Jesus didn’t make discipleship easy.
He was watching the crowd. He
wanted to see who would step out, off the easy path. He wanted to see who give up everything to
follow him.
That’s what we want to find out this year in
our church. Who wants to follow
Jesus? We say that at Hillside church,
we follow Jesus, love others, and share hope.
We can only give love and share hope if it comes from the Holy Spirit at
work in us, speaking through us. We will
only be filled with the Spirit if we abandon confidence in earthly systems and
all notions of power and security we previously held. We have to be absolutely God-dependent. He has to be Lord of every aspect of our
lives.
The great German theologian Dietrich
Bonhoeffer described this separation from the crowd to discipleship, from a
confidence in the world to dependence on God as the difference between cheap
grace and costly grace. Bonhoeffer writes,
Cheap grace is the preaching of
forgiveness without requiring repentance, baptism without church discipline,
communion without confession. … Cheap grace is grace without discipleship,
grace without the cross, grace without Jesus Christ, living and incarnate.
Costly grace is the Gospel [and
the God] which must be [actively] sought again and again, the gift which must
be asked for, the door at which [we] must knock [and knock and knock. Sometimes we have to climb a hill just to
knock on the door.]
Such grace is costly because it
calls us to follow, and it is grace because it calls us to follow Jesus
Christ. It is costly because it cost a
man his life. It is grace because it
gives us the only true, eternal life.[i]
The essence of Bonhoeffer’s message
is this. Following Jesus requires a
total life change and demands that we be all-in. The crowds give a loud “whoop-whoop” when
they see a miracle.
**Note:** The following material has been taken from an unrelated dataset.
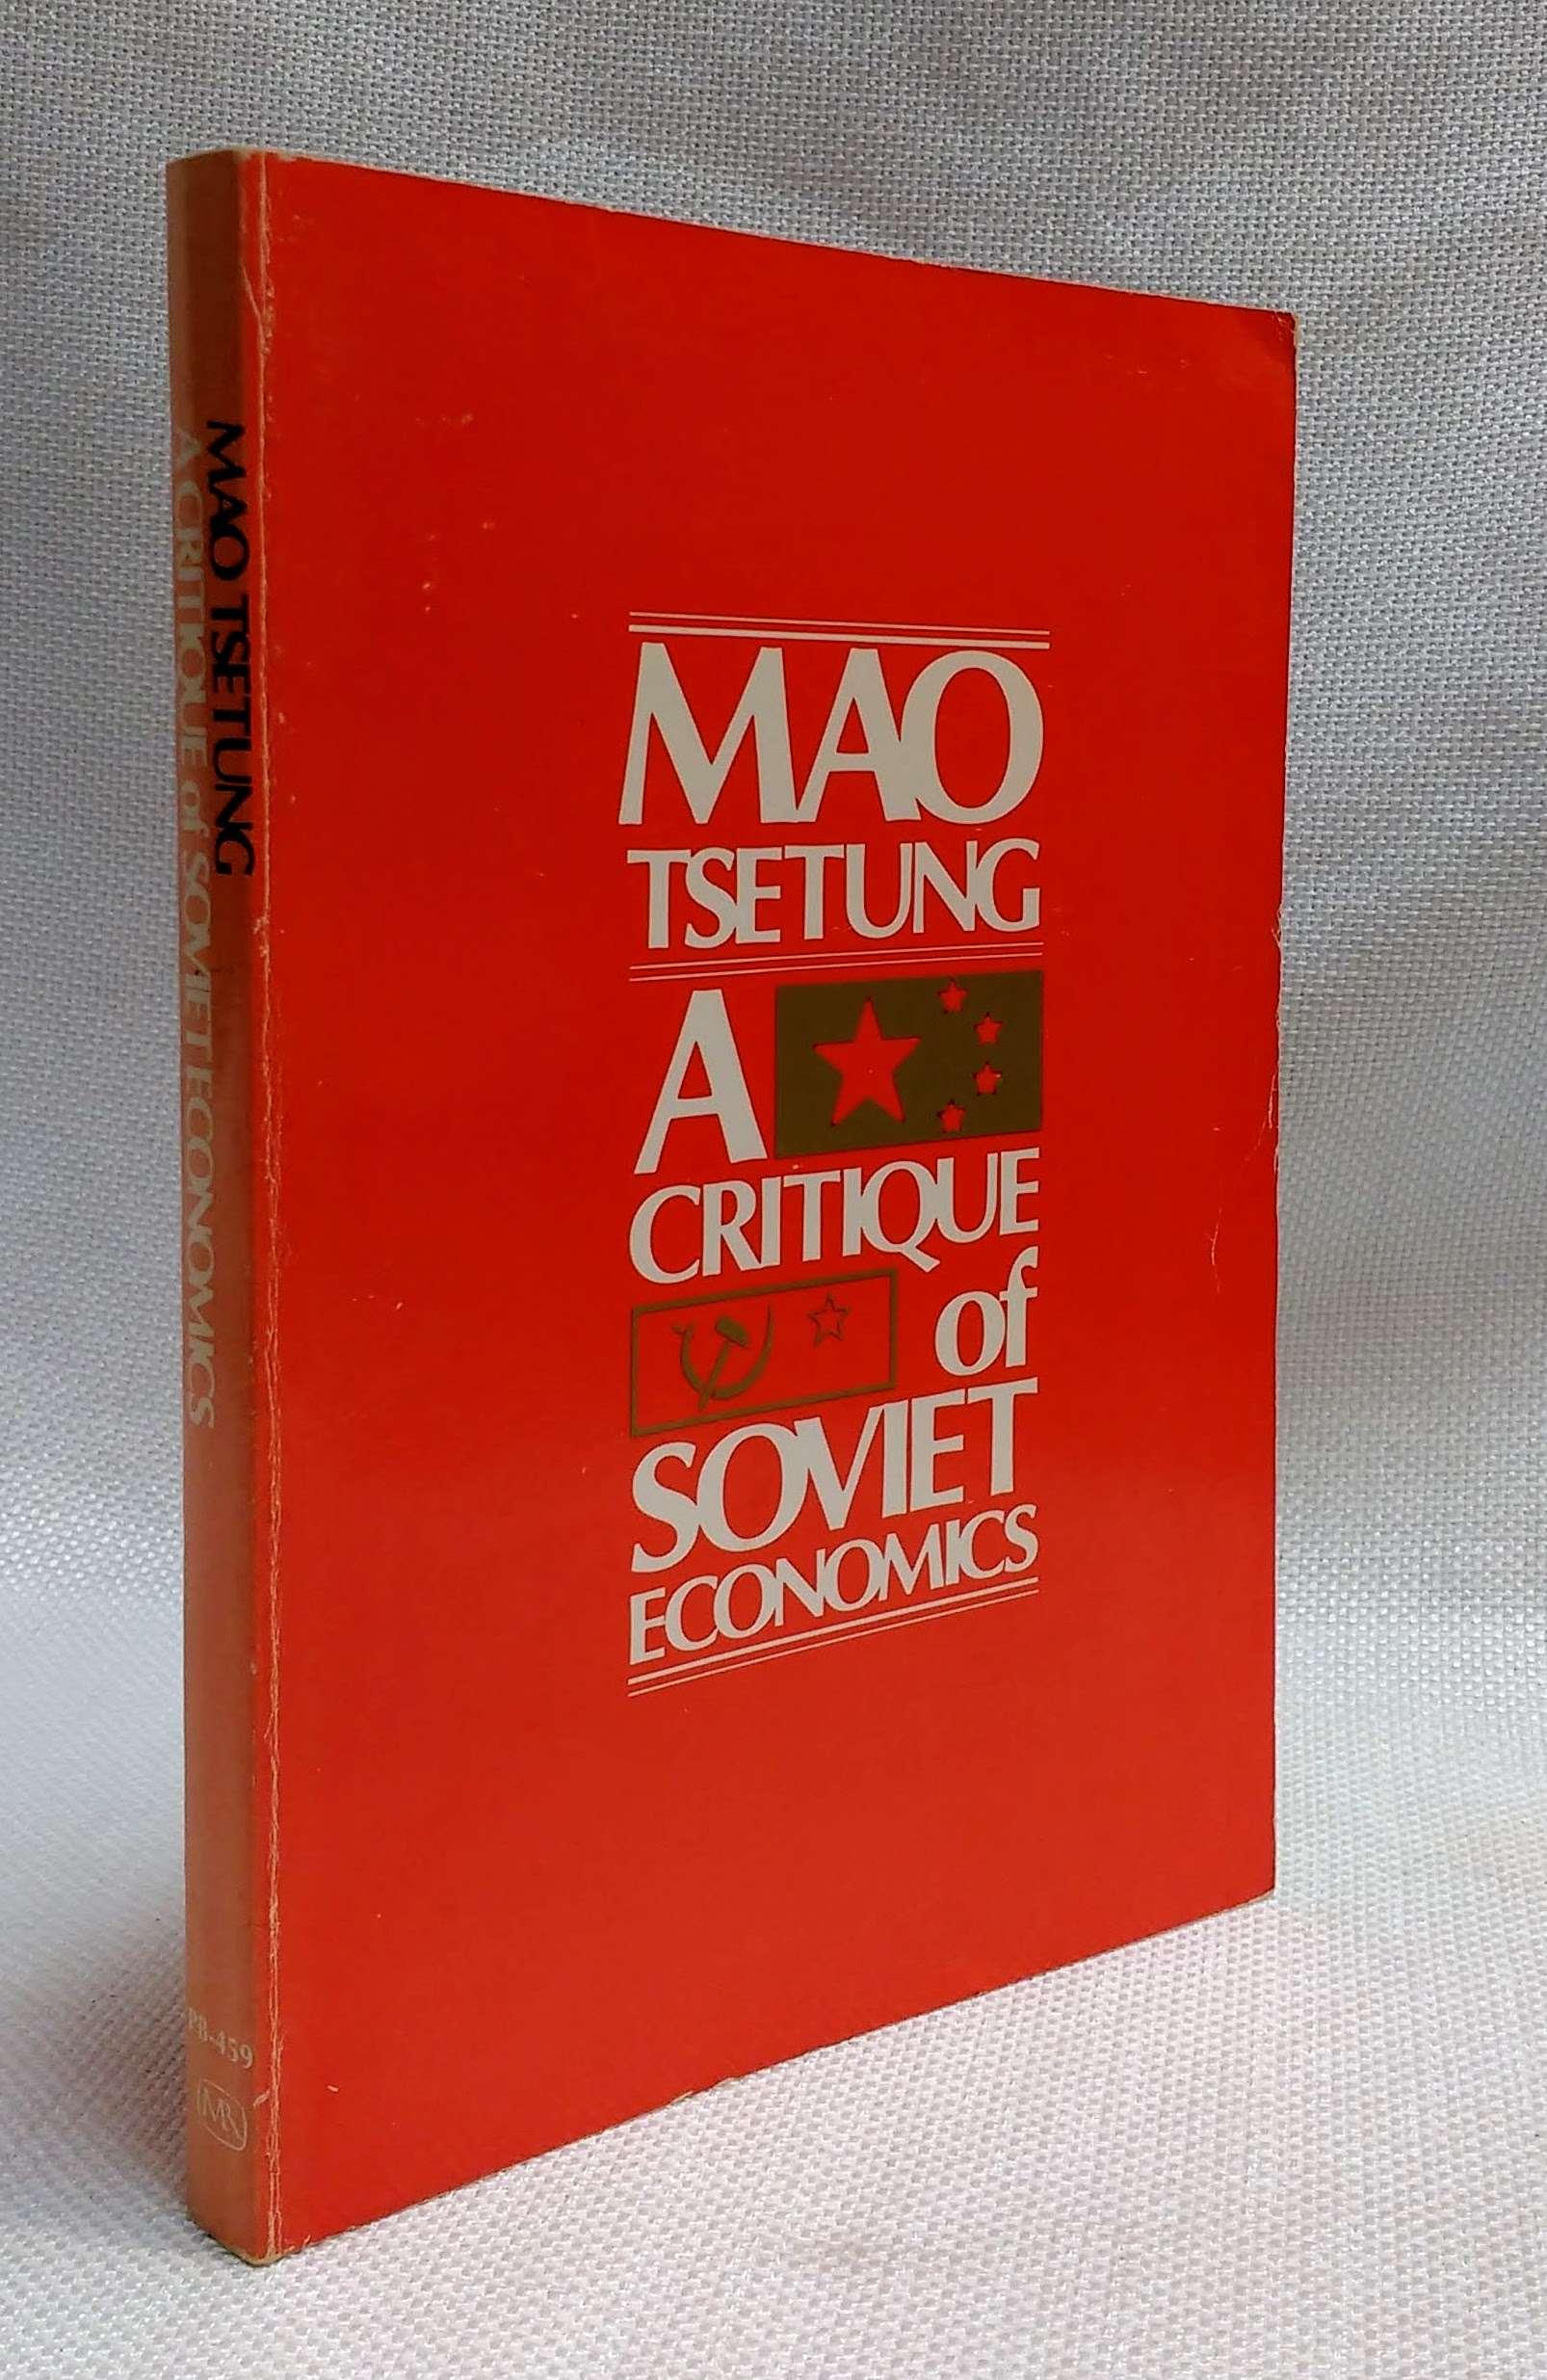 Critique of Soviet Economy, Tse-Tung, Mao; Roberts, Moss [tr.]

Yeah, you go Jesus. The
disciple stops what he or she is doing, climbs the hill, and sits to listen as
long as Jesus teaches. The crowd, flocks
to Jesus when they think there’s something in it for them. The disciple re-orients his life around the
words of Jesus even when doing so requires a step of faith.
The first step is to climb the
hill. We stop the maddening flow of our
lives, step out of the frenetic pace of the world around us., and don’t return
until we are driven by the dictates of Jesus.
We will live in the world, but we’ll do it on his terms. Only when we have surrendered to him are we ready to come down from the
hill, step into the world, and speak truth, give love, and spread hope.
What follows in the Sermon on the
Mount is “not a list of requirements, but rather a description of the life of a
people gathered around Jesus.”[ii] Jesus does not replace the 10 commandments
with the beatitudes. His message in the
Sermon is this: here’s what life in the new age – the age to come and the age
now here – is like.
We will begin this year going
throughout the Bible to find those places where God gives a special message, a
life-forming word, on a mountain or on a hillside. As a congregation, we will be formed by this
life-giving hillside words. Later in the
year, we’ll go in depth in the words of Jesus in the Sermon on the Mount and
the other sermons he gives in Matthew.
There was a definite separation, but
the crowd wasn’t cut off from Jesus. He
went up the hill to see who would step out of the crowd, sit down, and listen
to him; and then, stand up as his
follower. That’s our invitation to begin
2020. Would you step out of the crowd,
climb the hillside, and discover life as a follower of Jesus?
AMEN
[i] D.
Bonhoeffer (1995), The Cost of
Discipleship, a Touchstone Book (New York), p.44-45. Originally published in 1934.
[ii]
Stanley Hauerwas (2006), Brazos
Theological Commentary: Matthew, Brazos Press (Grand Rapids), p.61.